Phil is the best tenor banjo player that I have ever met. I should probably apologize to the rest of the banjo players. Where it might be thought that there are not so many tenor banjo players that would be jealous of this praise, as the golden years of the tenor banjo are quickly approaching the century mark, I actually know a few. Many of them are very good at playing the 20s New Orleans style which the tenor banjo is famous for. Still, Phil is unique. Though he is a close friend of my father, and I, I know little of his non musical past. I do know that he was a very successful academic. Head of the department kind of success, but he never talks about it. Instead he talks music, and translates his ideas, which are beautiful interpretations of standards. He also sings with a floating yet crisp tenor voice; with every syllable clear enough to communicate what would have been long forgotten lyrics. I once asked him if he played the guitar, and his response was surprising. He said “I am still trying to get it right with these four strings.” Though to my ears he played perfectly, he wanted to be better, so wasn’t going to distract himself with other instruments.
I had a friend who was completely the opposite in some ways. This was Waldemar who died several years ago when he was in his 80’s. Waldemar knew everything. When I say this I almost mean it in a literal way. He could recite thousands of poems, he knew every major painting of the last 200 years, he wrote, he played piano, he was a chemist for the Manhattan project. Mostly he lectured about great people of the past and the many historical facts he knew. He was brilliant. Still he was not a master at anything. He spent a lifetime of frustration, relegated to the footnote descriptions on famous biographies, as the intellect that never produced anything original.
I wonder if these two examples are extremes, or really the struggle many of us face every day with our choices. That is whether it is better to become truly great in something, or to comprehend the greatness in others without fully achieving it ourselves. The answer seems so obvious, but is so hard for many of those of us who don’t have the focus required to pursue this kind of perfection all of the time.

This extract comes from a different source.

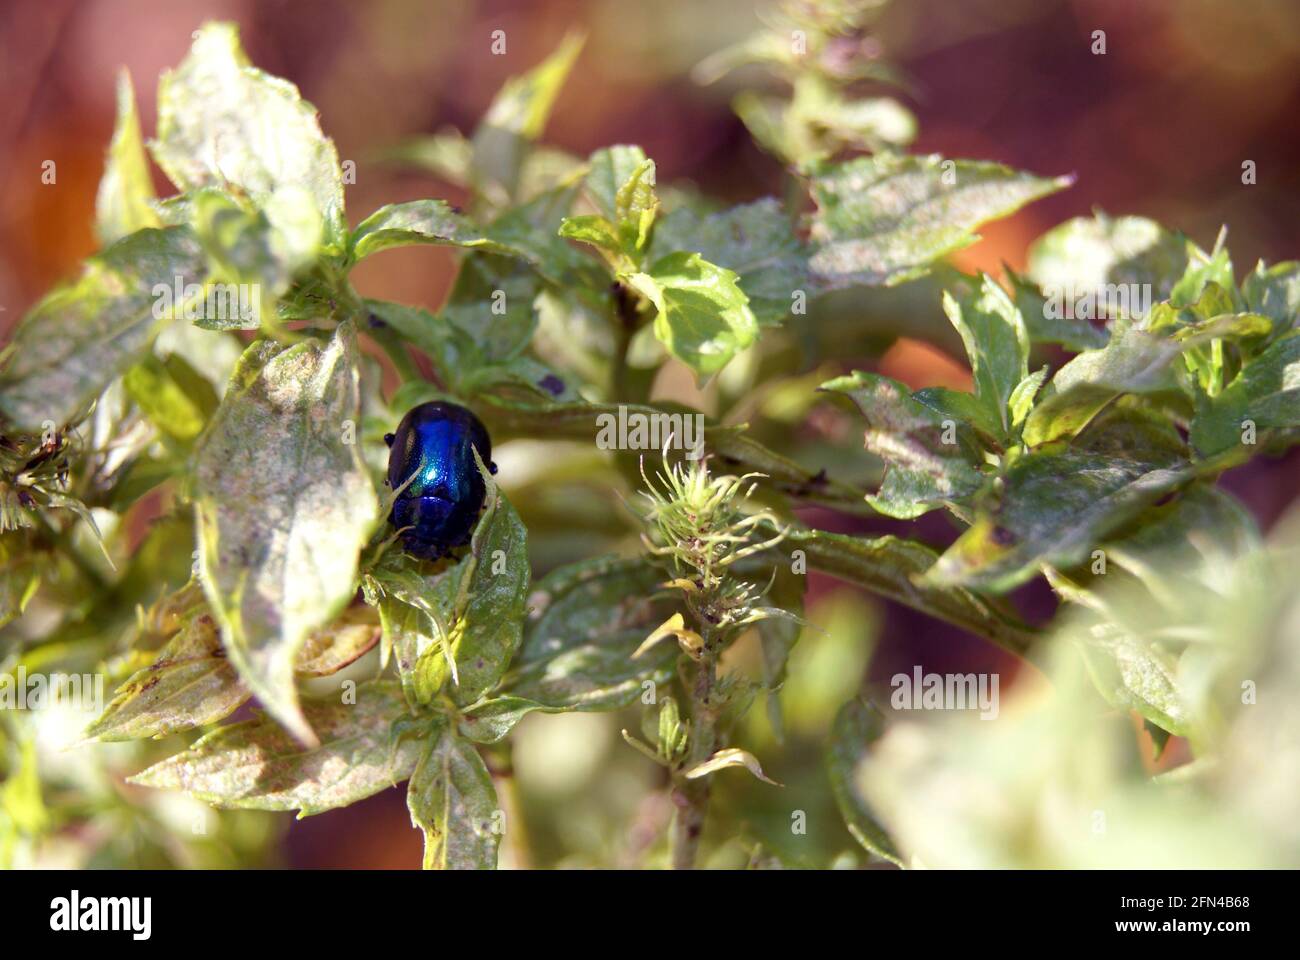 Gorgeous blue beetle rests among the leaves. Shiny insect lives in its habitat. Nature and natural beauty. Stock Photo

I can’t do anything as well as Phil does the banjo. I play several instruments every day, and work on several scientific and business ventures. All of the time I know that I don’t have four strings of life that I have gotten right. Then I thought of this some more, and realized that it is not a choice to be a Phil or a Waldemar, but rather a perspective of what point in life you look at it. It is likely that through the thousands of days in both of these lives, there have been those when an outsider could see various types of successes. When Phil was leading a University department, and publishing as a Ph.D. in Psychology, his skills on the banjo were probably not being judged as important. When Waldemar was lecturing on Chopin, his inadequacies as a poet were not being considered. Perhaps we are all great in our ever changing moments.